For more than a week, I’ve been perched upon a fence teetering between the easy out and jumping into the challenge. The nonsensical part is that I made up my mind to do something a long time ago and have been expending far too much energy waffling atop that fence.

Yesterday I called a donor with a question for work. She turned out to be a lobbyist. After hearing my idea she gently tipped me off of the fence, in the wonderful way only a Midwestern mother can.

Riding a fence is stupid anyway. I have no idea how to get Congress to make a change to a law, but I’m going to find out.

You don’t get to call my mom and the other 46.1 million Americans  ‘mental defectives.’  Watch out 18 U.S.C. § 922 : US Code – Section 922. I’m coming for you.

Lol. Congress.

Mr. Buford noted in his response to my letter that the he learned the term ‘mental defectives from 18 U.S.C. § 922 : US Code – Section 922.  WTF is the term ‘mental defectives’ doing in US law?
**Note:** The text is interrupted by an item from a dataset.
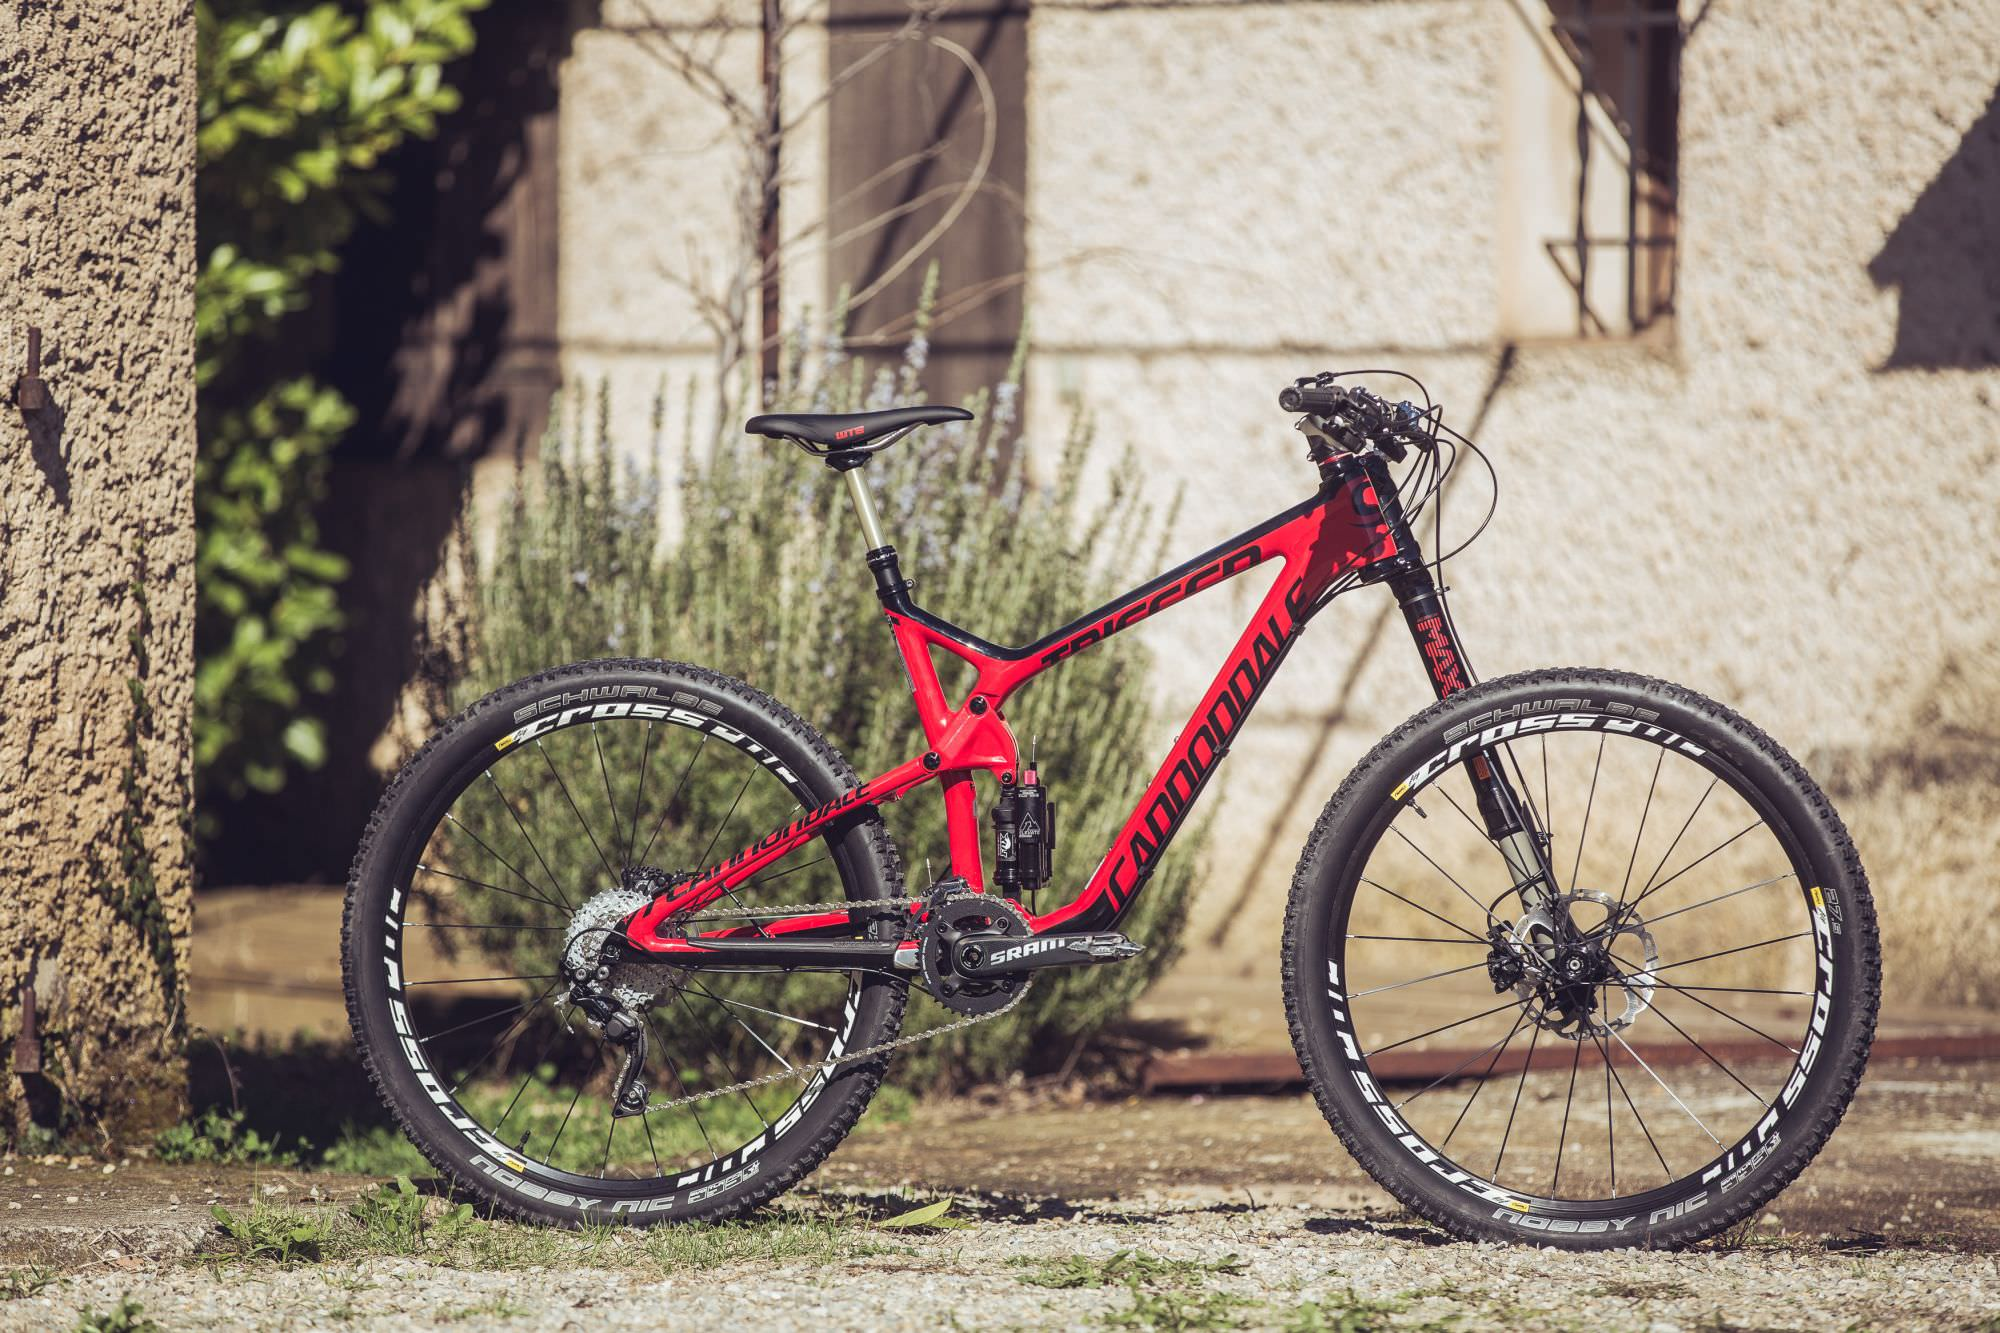 97cbd14a77b Cannondale Trigger Carbon 2 Review | ENDURO Mountainbike Magazine
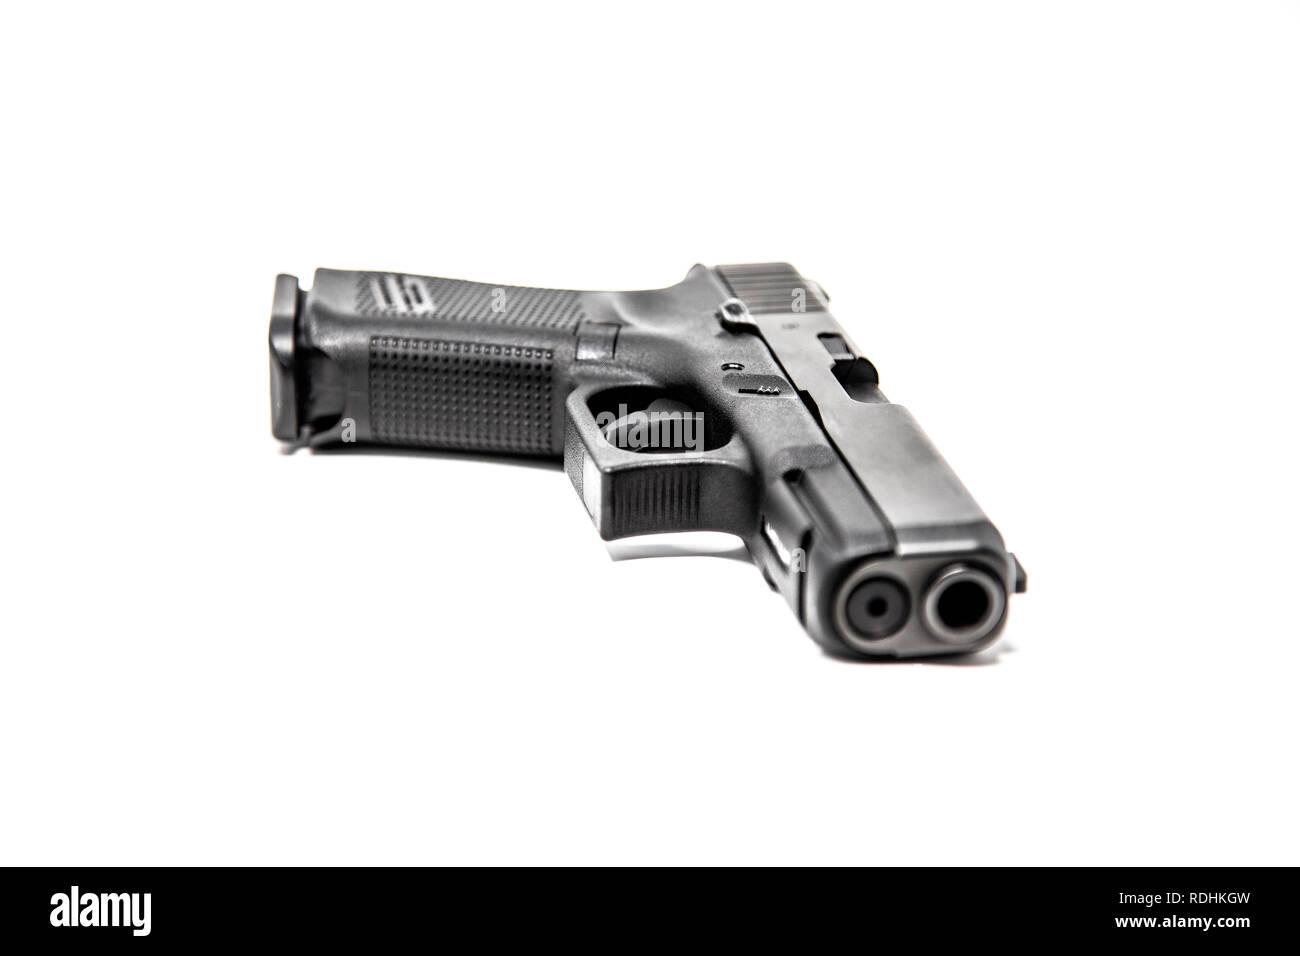 Black Semi-Automatic Handgun on White Background - Stock Image

I emailed one of my college besties and go-to attorney to find out how to change the language.

Me: Hey – how do you change a word in a thing like this: 18 U.S.C. § 922 : US Code – Section 922? What is ‘this’ anyway?
Rasher: The citation below is to a statute (federal statutes – United States Code). Knowing what this is, I am now more curious why you are citing/referring to it??  I’m sure there is good reason.
Me: Well, if you’re Mr. Buford in California who has no concept of mental illness or the language to use when referencing it and you pull this statute as you reference point when talking to the media, you are perpetuating a stigma without even really intending to.
Rasher: Ah, so it’s in the statute.  So…..now what?  I feel some sort of crusade is about to be embarked upon….
Me: Who do I ask to change the language in the statute?
Rasher: Lol. Congress.

Lol. Congress. She just named my first book about my next ‘crusade.’